The big boss Tuld even needs to translate the wind controller’s conclusions into the vernacular in order to be understood. But these well-paid CEOs, who never work, do the most important job in the film: making decisions, as Tuld says to the young rocket scientist-turned-analyst, who is still standing today because he knows when to call off the music.

It’s a film full of desire, with everyone talking nakedly about money. Wall Street is so desperate for money that the little soldier makes $250,000 a year while the big boss is worth billions. The head of the trading department carefully explains from the rooftop where his $2.5 million a year salary is going, including costume costs and acts of debauchery.

The characters have desires, the audience does not. Behind the desires is repression. It is everyone who becomes a slave to money. This film was made in 2011 and every viewer knows how it will end – the financial crisis breaks out and Lehman Brothers collapses. So this depression is present in every scene of the film.

The film begins with the big redundancy exercise, with HR vulture-like, patrolling every cubicle, and the employees, afraid to raise their heads, trembling. The senior HR person in charge of the conversation looks grim, and the supervisor who is concentrating on the ABS model is told to leave. It may be because, as in the board game, “he makes too much money”, or he may simply be sacrificed in the struggle – in any case, he is unable to use his initiative like building a bridge, and has to leave the office quickly, throwing the USB stick that represents danger to the ambitious young man Sullivan.

The result of strict adherence to the theatrical trinity is that the long two years of reality are condensed into 24 hours.

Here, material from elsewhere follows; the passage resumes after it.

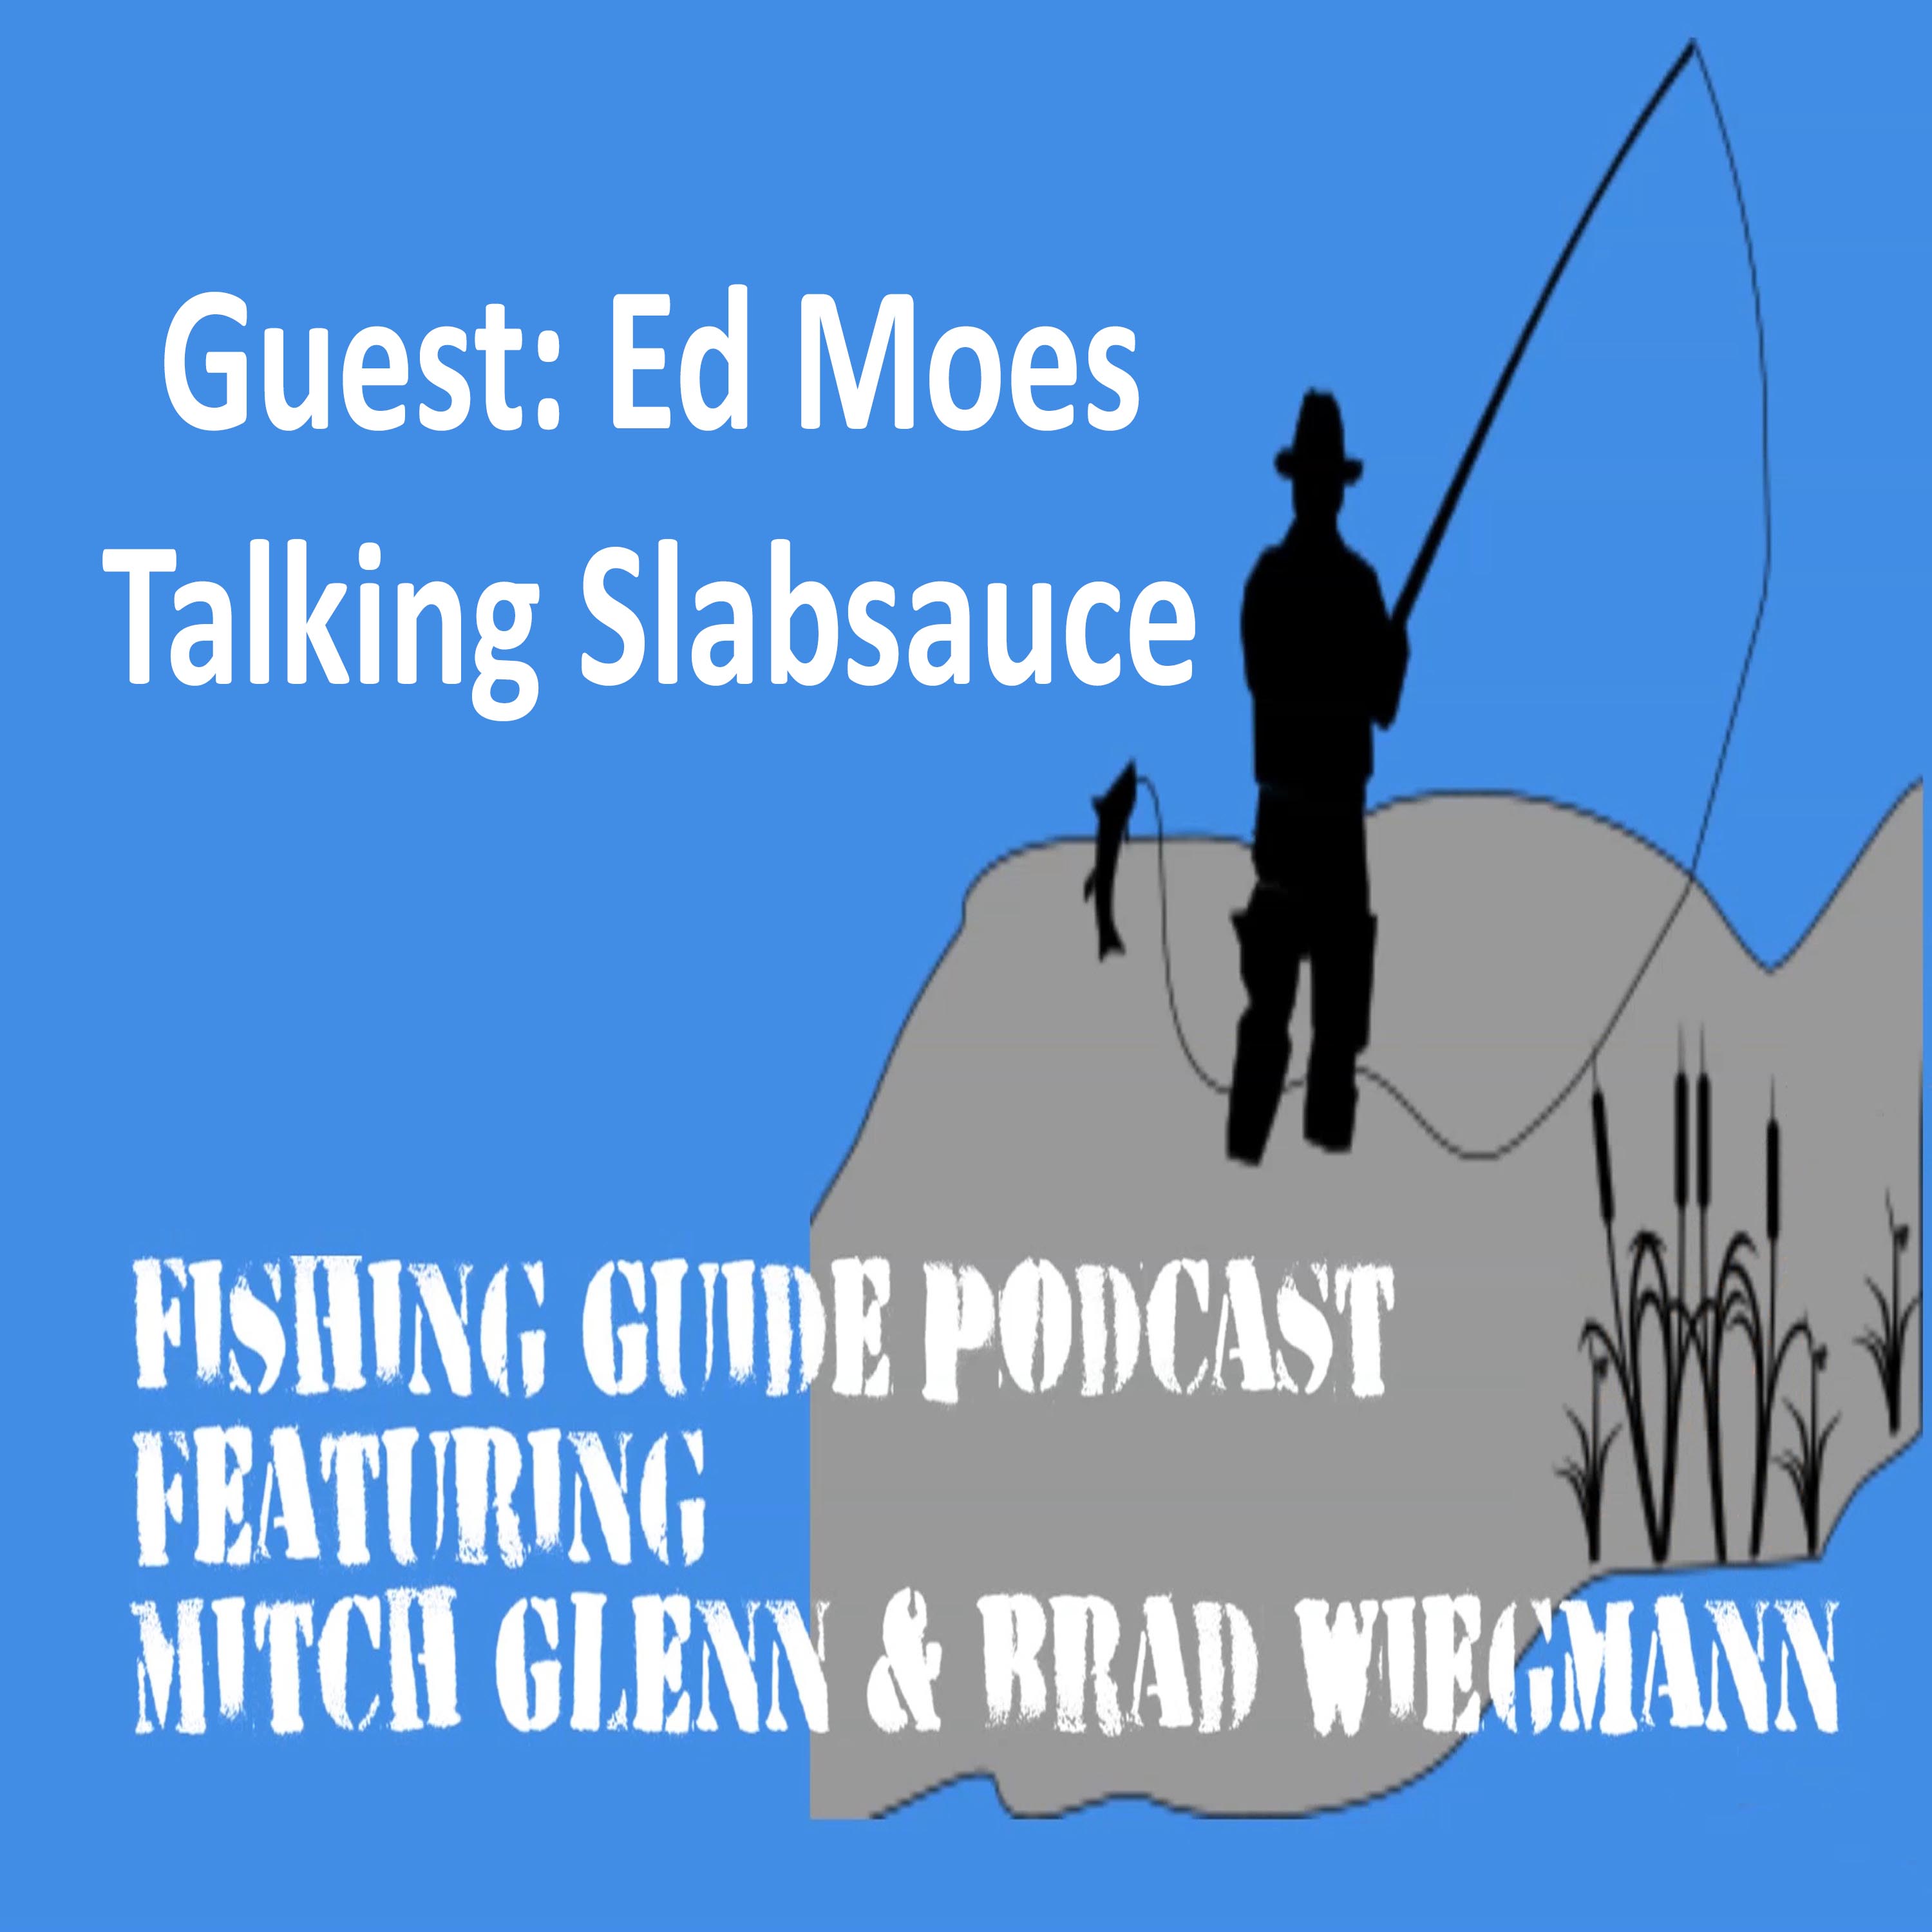 Slabsauce the ultimate fishing scent attractant featuring Ed Moes aka Slab: Episode 9

Sullivan adjusts his model overnight, layers of executives are rattled, and the contradictions are explained more and more clearly – the company is flooded with non-performing assets, which exceed the company’s assets.

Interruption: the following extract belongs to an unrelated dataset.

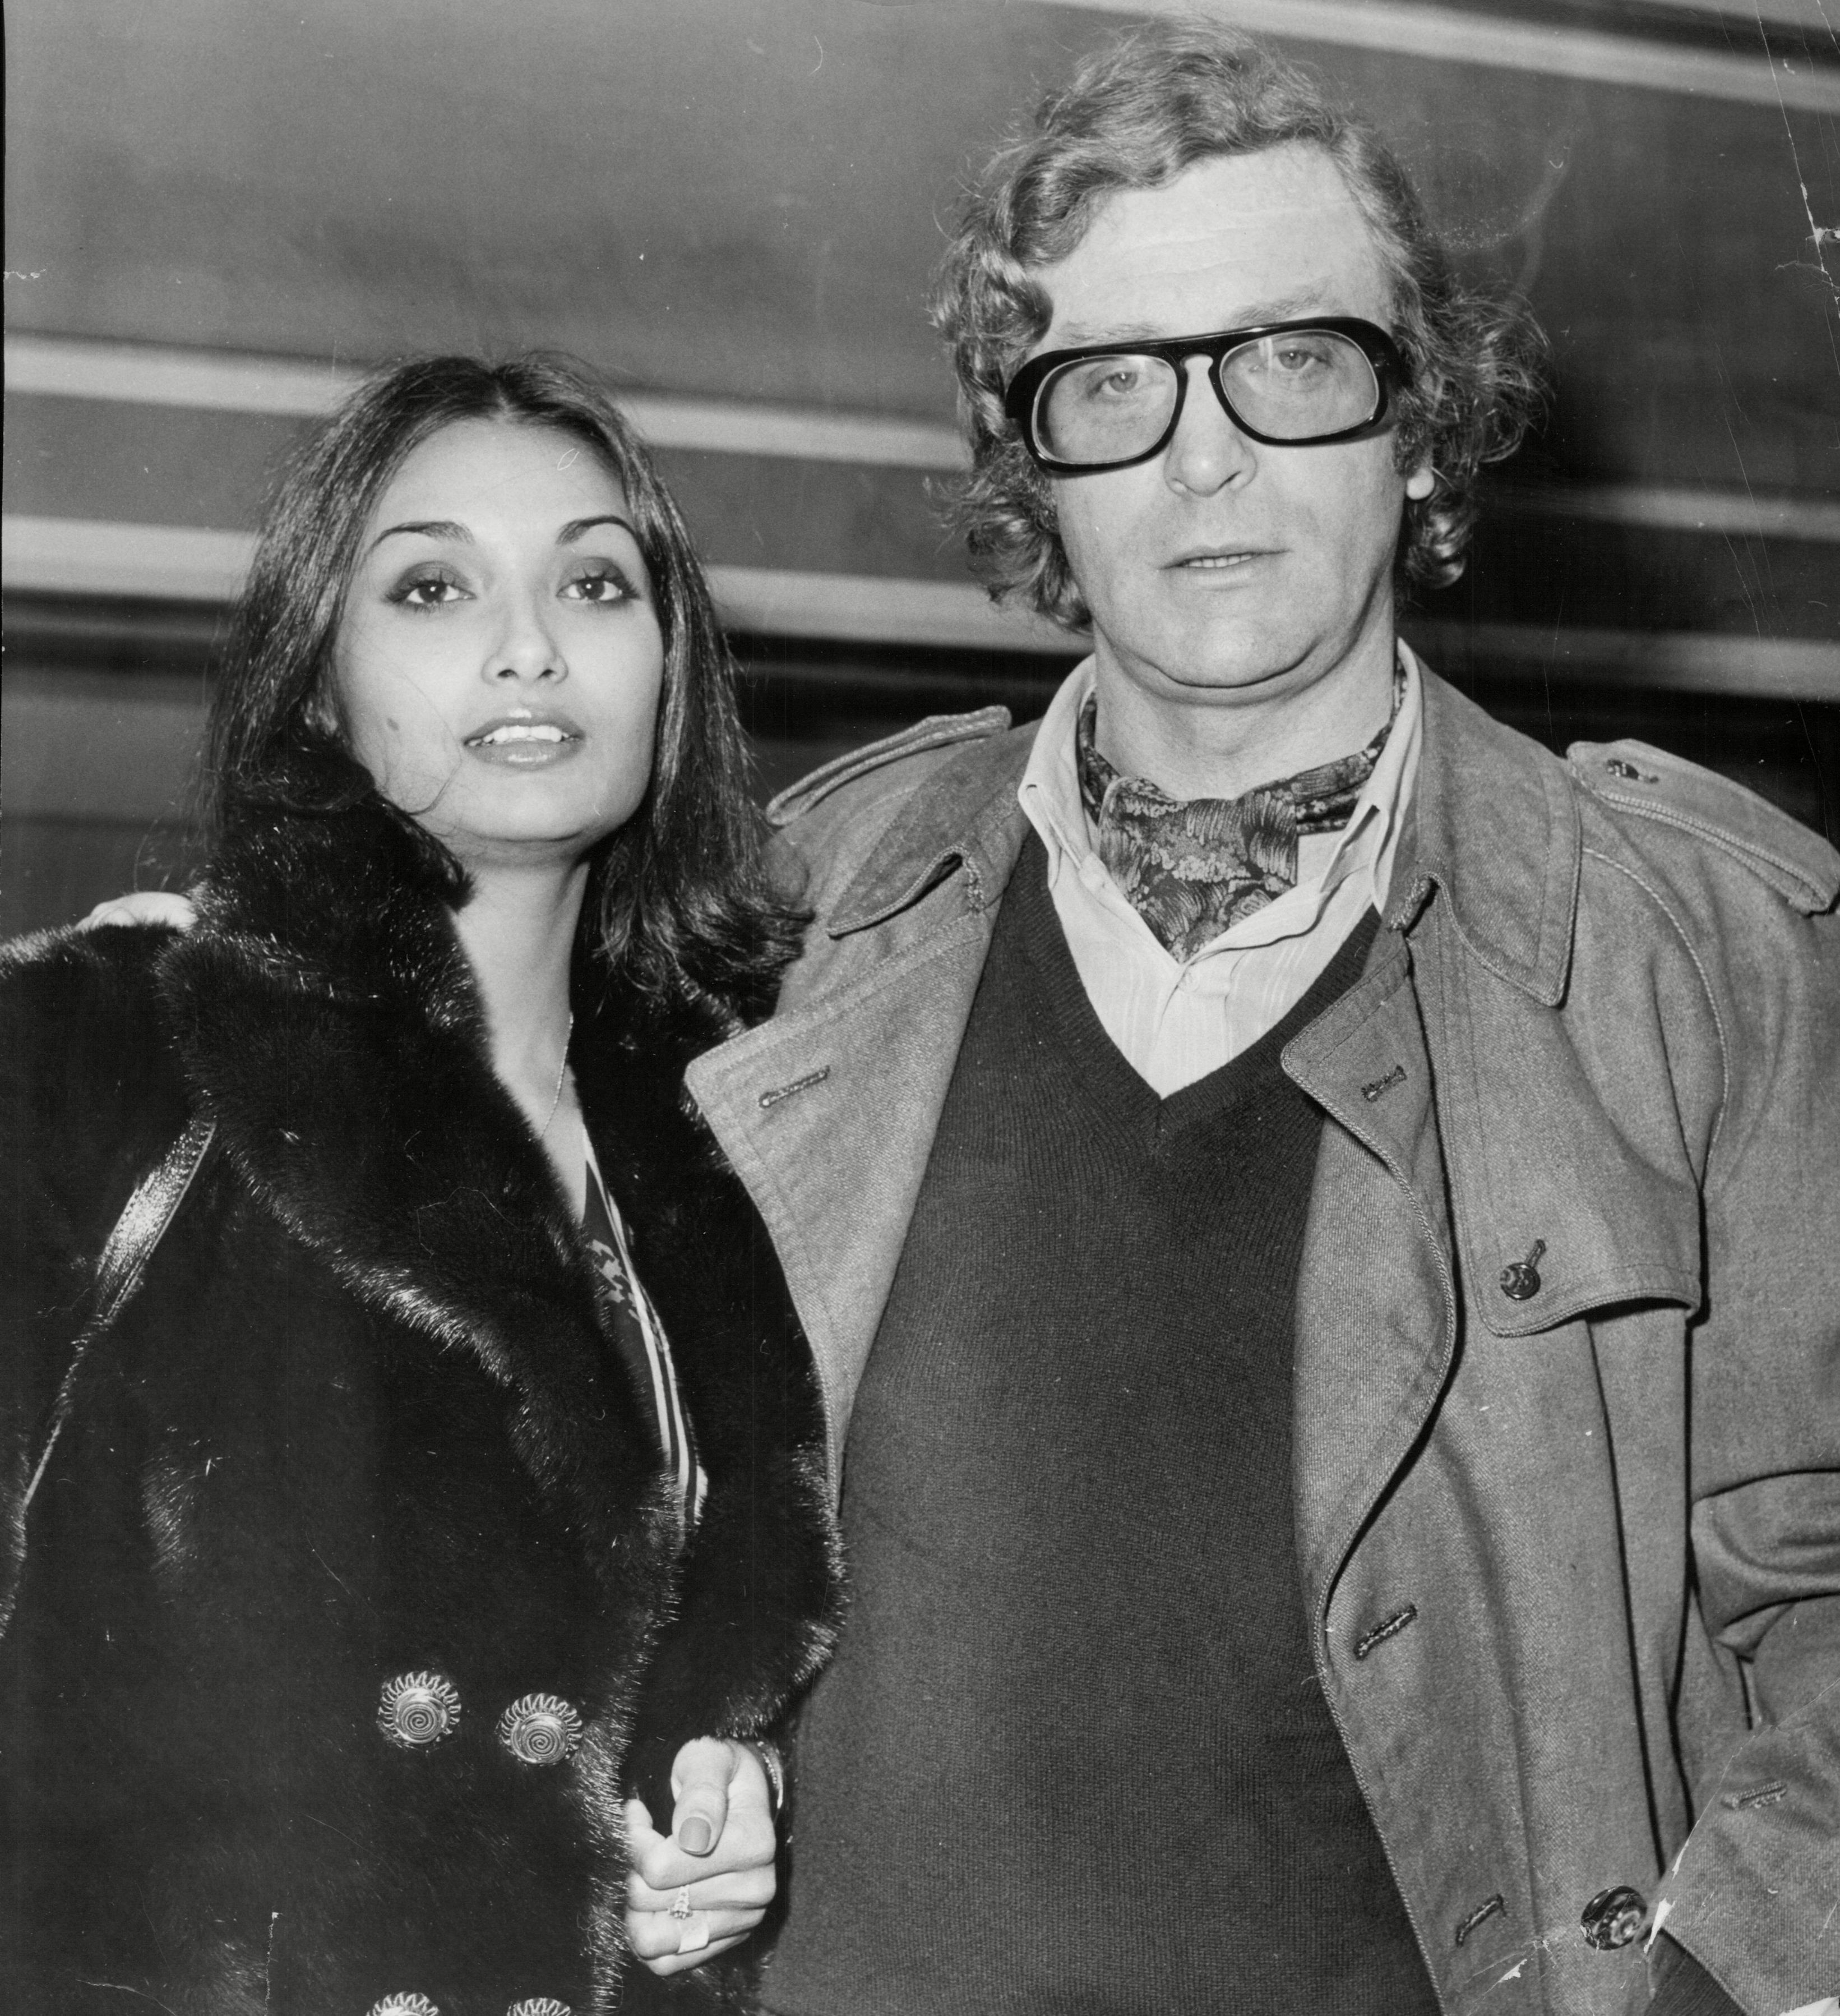 <p>Michael Caine and Shakira Baksh have been happily married since 1973. Their epic love story started one night in 1971 when the English acting legend was watching TV at home with a buddy. A Maxwell House coffee advertisement set in Brazil came on -- and Shakira, a model, was in it. "I saw this lady on the television in a commercial and fell in love instantly," Michael confessed on "The Jonathan Ross Show" in 2018. "I thought, 'That's the woman for me,' and I said to my mate, 'We're going to Brazil in the morning. We're going to find her.'" </p><p>The same night, they went to their local disco (it was the '70s, after all) where a mutual friend who worked in advertising joined them. When Michael mentioned the woman and his travel plans, the guy blew Michael's mind: "We make that commercial," he told the actor, who also shared the story on Andrew Denton's "Interview" show in Australia in 2019. The guy then informed Michael that Shakira wasn't Brazilian but of Indian descent (she was born in British Guiana) and told him, "She's not in Brazil, she's in Fulham Road," which was barely a mile from Michael's place. </p><p>He got Shakira's number and "I phoned her 11 times, 10 of which she wouldn't go out with me," he said. "The last one she decided to go out with me... We went out and fell in love instantly and have never parted since."</p>

The play is a timeless account of “What should one do when faced with a conflict?” This is a workplace drama in particular. In investment banking there is no right or wrong, and no one talks about ethics. Tuld decides to sell at all costs, just like Goldman Sachs and JP Morgan in real life.

Sam put up a brief fight, even blatantly stating “you know what you’re selling is worthless”. Tuld was furious, not that he had been accused of ethics, but that he would face legal action if the unvarnished statement was disclosed. He coldly qualified the sale, which began the next morning, by saying “we sold the assets to interested buyers at a fair price”.

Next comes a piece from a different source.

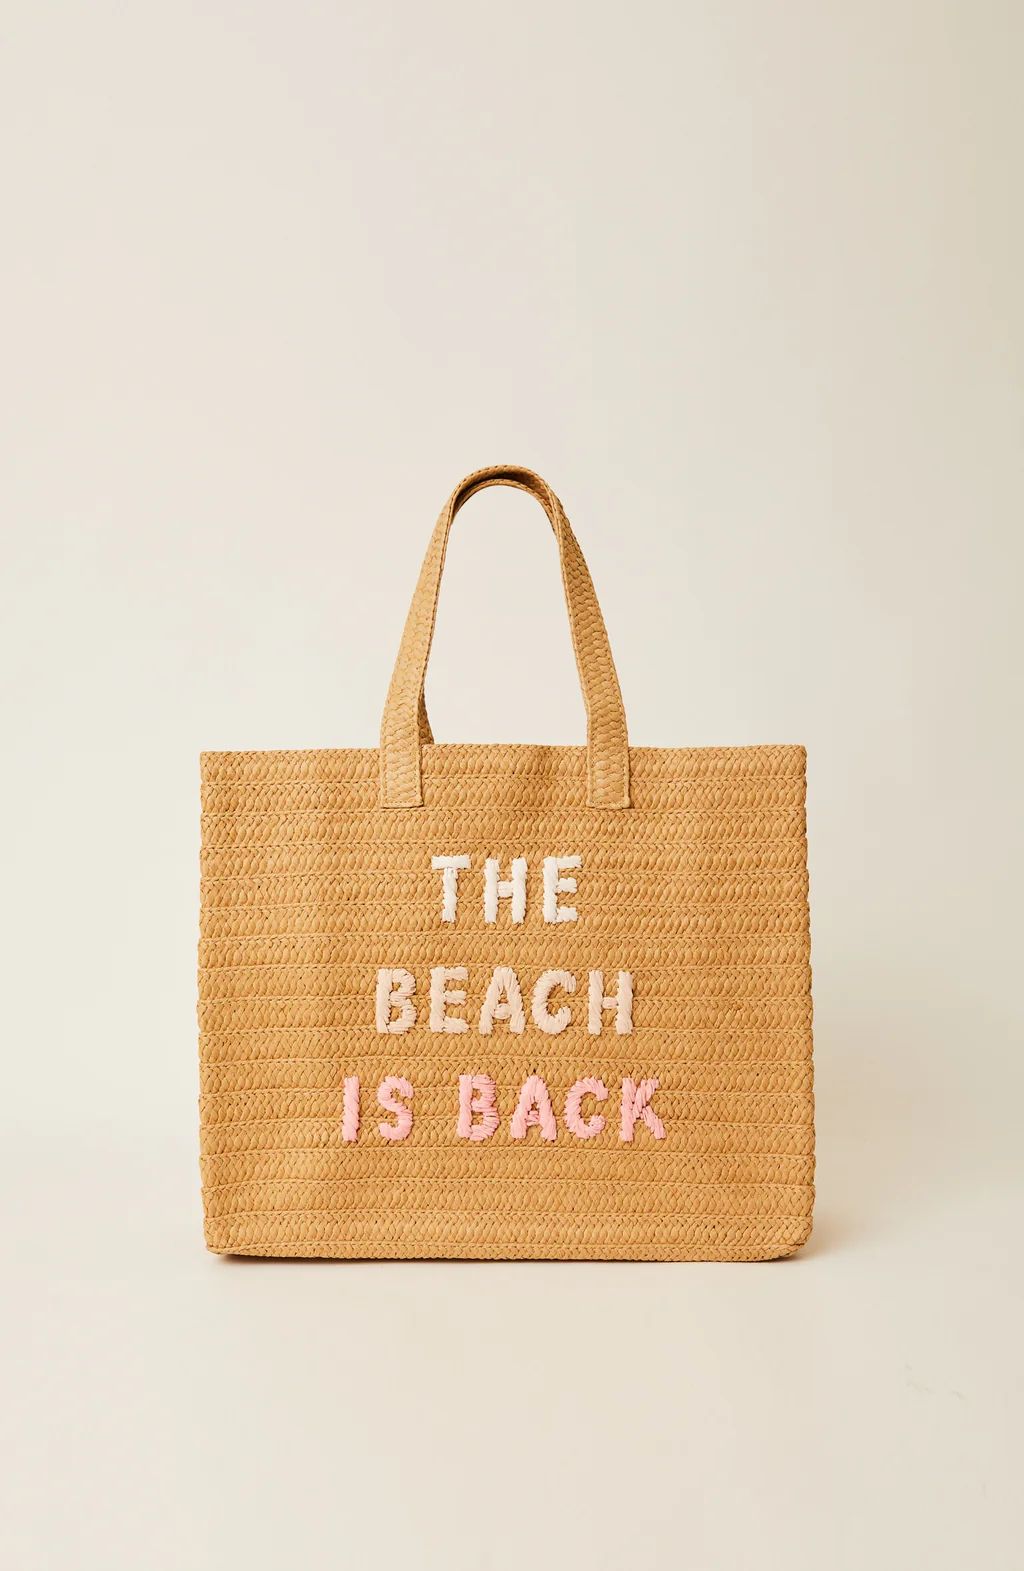 THE BEACH IS BACK TOTE | btb Los Angeles

The complexity of human nature is probably most evident in the financial world. Sam, who tried to resist, did so only because the operation that was about to take place would be detrimental to his goodwill. Sarah, the risk control officer, could only be verbally warned before the risk and then seen as a scapegoat after it occurred. The truth that Sullivan stayed up all night working out helped him get promoted, but did nothing to save Wall Street or the planet. Driven by money, everyone is incapable of displaying graceful humanity and passionate blood. This struggle is not at all glamorous, but very real.

This realism is what sets this film apart from other American blockbusters, and it’s impossible to believe that the director is a first-timer in the industry, having previously only worked on advertising films. The film ends with Sam burying his dog shovel after shovel. The real-world ending, however, is even more brutal. From the bankruptcy of Lehman, which was too big to fail, to the Occupy Wall Street movement. Judging by the huge fines that investment banks receive, often in the tens of billions of dollars, all the actions of the financiers in this film are explicitly redeemable.

This is probably the cruellest reality of the world of money. There is no moral supremacy, no warmth, no glimmer of humanity, everything is subordinated to the supreme dream of Wall Street. There is no need to preach or be abusive, yet every viewer who has ever struggled in the workplace has to reach out and give it a nod of approval.